# Part 3 - texto

- maior/menor louvor
- word length (maybe)
- bag-of-words with frequency
- gensim corpus
- tf-idf
- named entity recognition (spacy or polyglot)
- next: category classification for avulsos

## Maior e menor louvor

In [None]:
import pandas as pd
from pathlib import Path

assets_folder = Path("../assets")
hinos_analise = pd.read_pickle(assets_folder / "hinos_analise.pkl")
hinos_analise = hinos_analise.set_index("numero")
hinos_analise["categoria_abr"] = hinos_analise["categoria"].apply(
    lambda x: x[:13] + "..." if len(x) > 15 else x
)
hinos_analise

In [None]:
import nltk
from tqdm import tqdm

nltk.download("stopwords")
# testar tokenizacao direto com spacy

stopwords = nltk.corpus.stopwords.words("portuguese")
stopwords.extend(["ó", "ti", "pra", "lo", "oh"])
text = []
text_no_stops = []

for hino in tqdm(hinos_analise.to_dict("records")):
    tokens = nltk.tokenize.regexp_tokenize(hino["texto_limpo"], r"\w+")
    # Replace "MINH" with "MINHA" with regex
    tokens = [nltk.re.sub(r"^minh$", "minha", palavra.lower()) for palavra in tokens]

    tokens_no_stops = [
        palavra for palavra in tokens if palavra.lower() not in stopwords
    ]
    # remover pontuacao
    tokens_no_stops = [palavra for palavra in tokens_no_stops if palavra.isalpha()]
    text.append(tokens)
    text_no_stops.append(tokens_no_stops)
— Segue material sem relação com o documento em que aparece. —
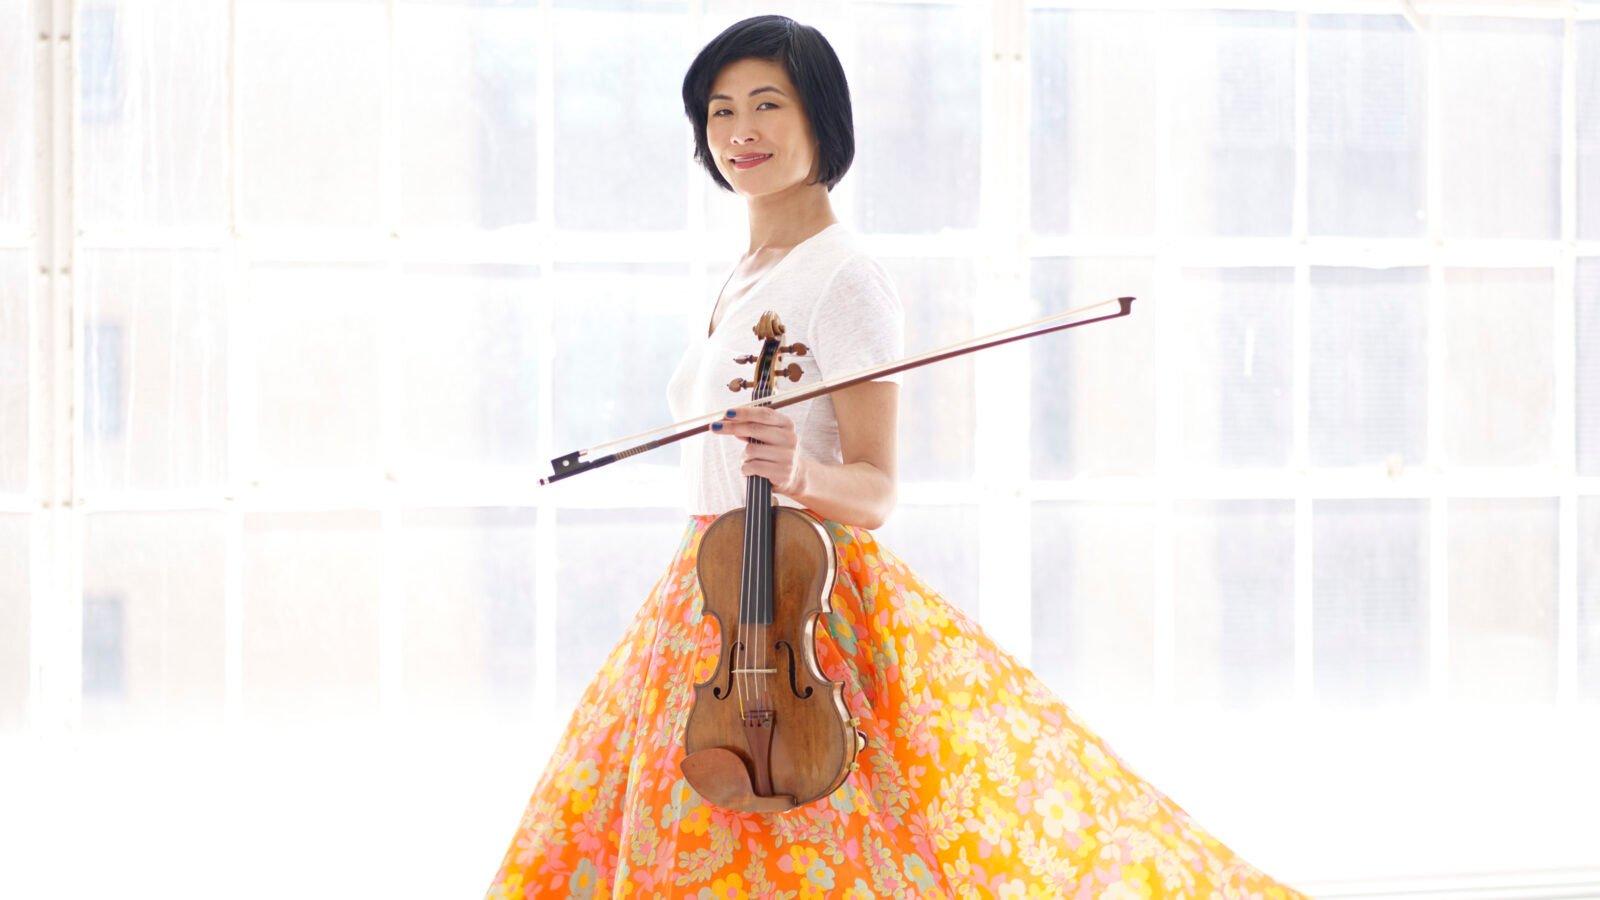 Violinist Jennifer Koh (Photo Juergen Frank)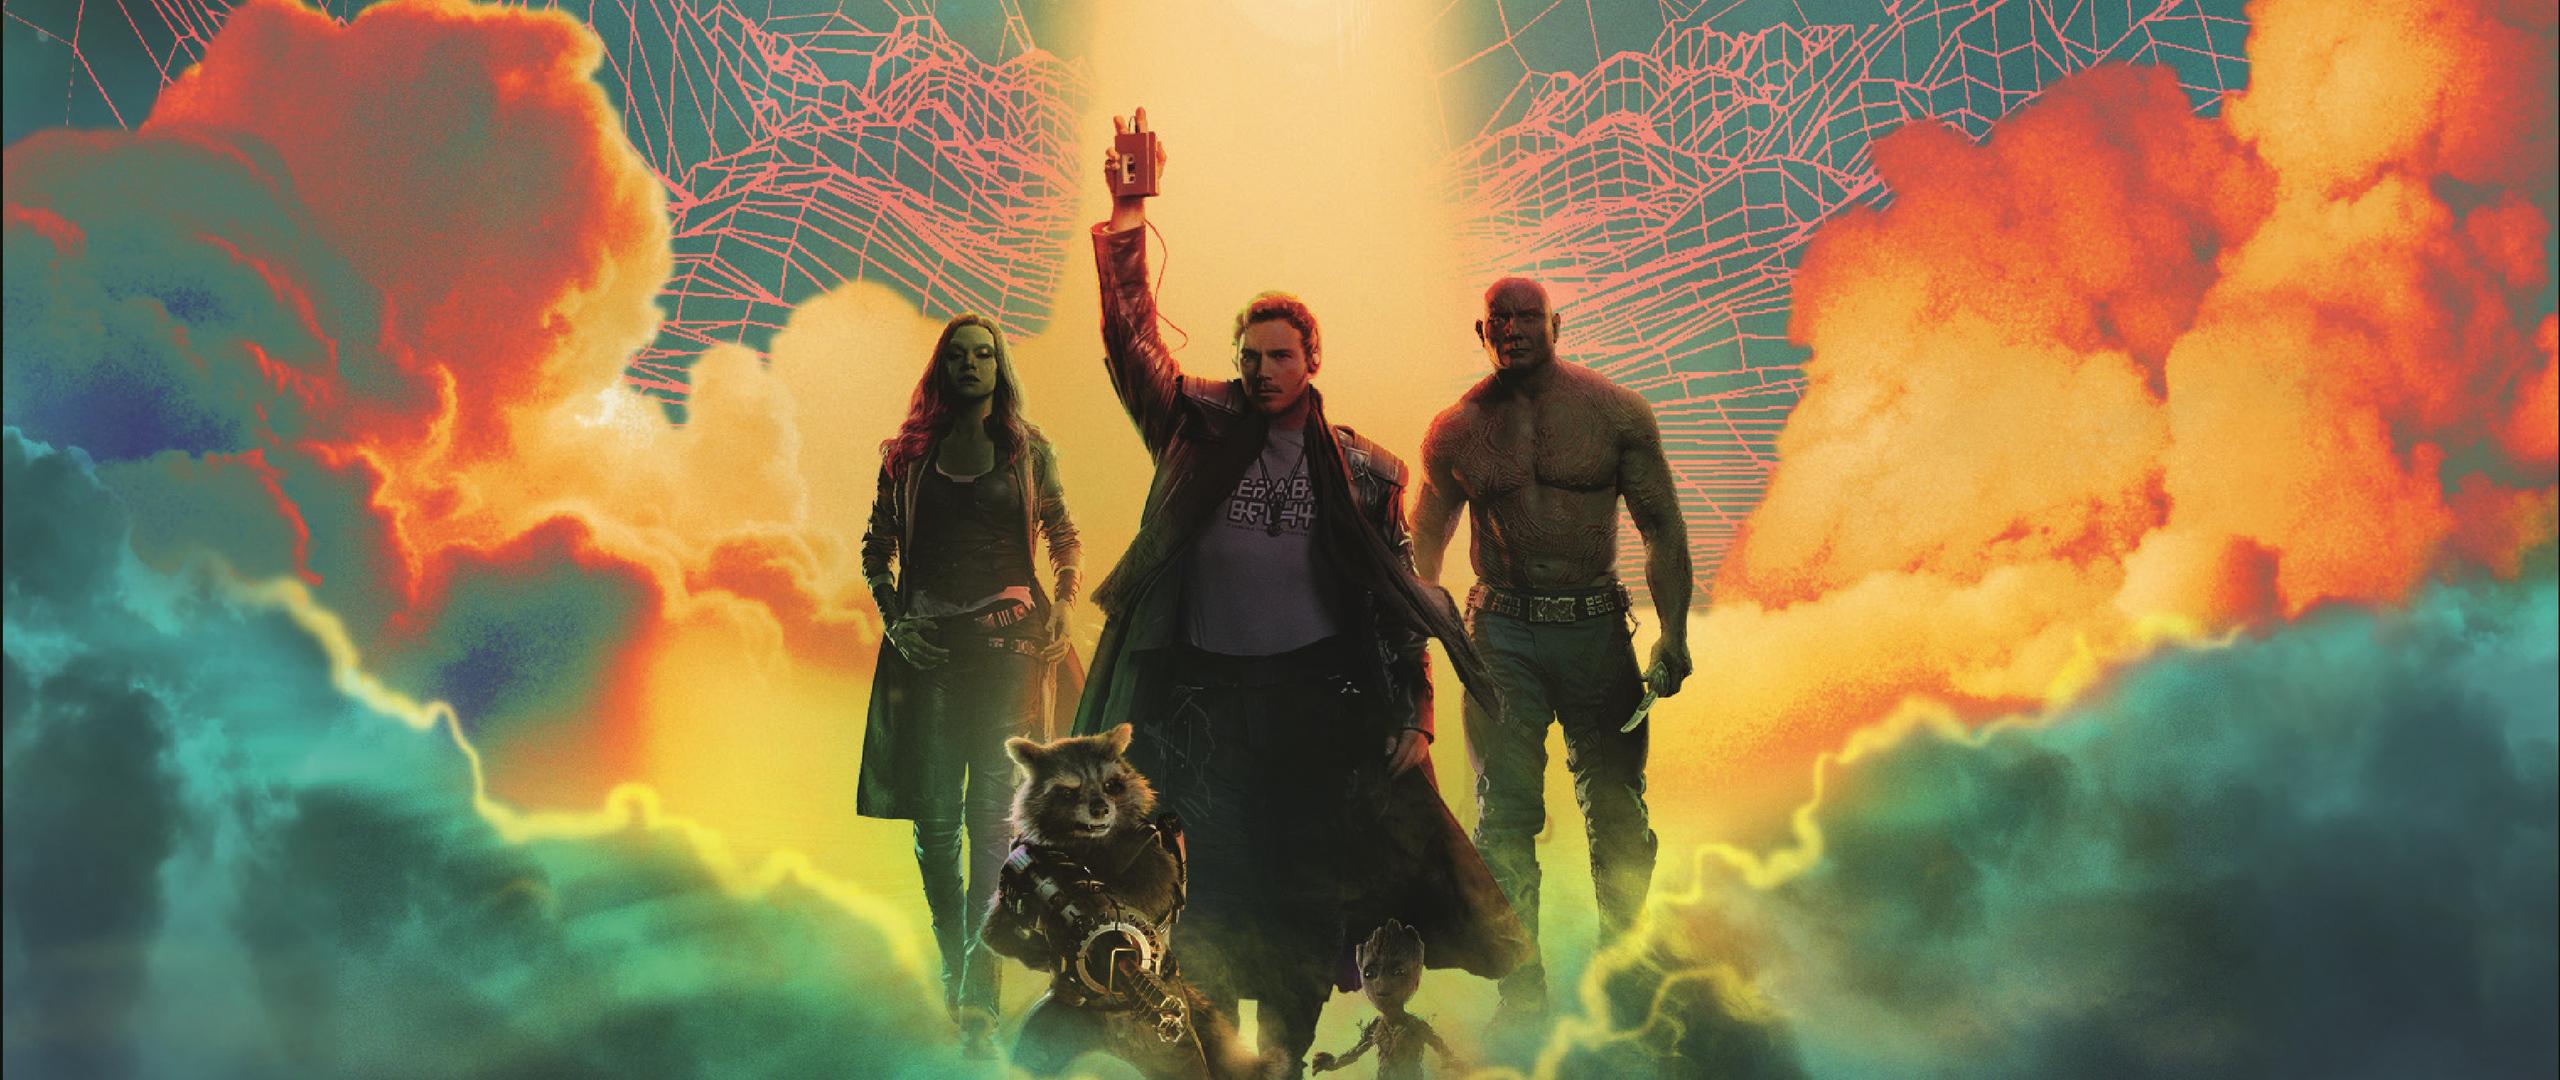 2560x1080 Guardians Of The Galaxy 4k Art 2560x1080 Resolution Hd

hinos_analise["tokens"] = text
hinos_analise["tokens_no_stops"] = text_no_stops
# considerando numero total de palavras, pois todas elas tem que ser cantadas, logo impactam no tamanho prático do hino
hinos_analise["num_tokens"] = hinos_analise["tokens"].apply(len)
hinos_analise

In [None]:
display(hinos_analise.sort_values("num_tokens", ascending=False))
display(hinos_analise.sort_values("num_tokens", ascending=True))

In [None]:
import seaborn as sns
import matplotlib.pyplot as plt

# Ensure 'categoria_id' is treated as a categorical variable
hinos_analise["categoria_id"] = hinos_analise["categoria_id"].astype("category")

# Create a mapping between categoria_id and categoria
categoria_mapping = (
    hinos_analise[["categoria_id", "categoria_abr"]]
    .drop_duplicates()
    .set_index("categoria_id")["categoria_abr"]
)

# Create a violin plot
plt.figure(figsize=(12, 6))
""" sns.violinplot(
    data=hinos_analise,
    x="categoria_id",
    y="num_tokens",
    palette="viridis",
    inner="quartile",
) """
sns.boxplot(data=hinos_analise, x="categoria_id", y="num_tokens", palette="viridis")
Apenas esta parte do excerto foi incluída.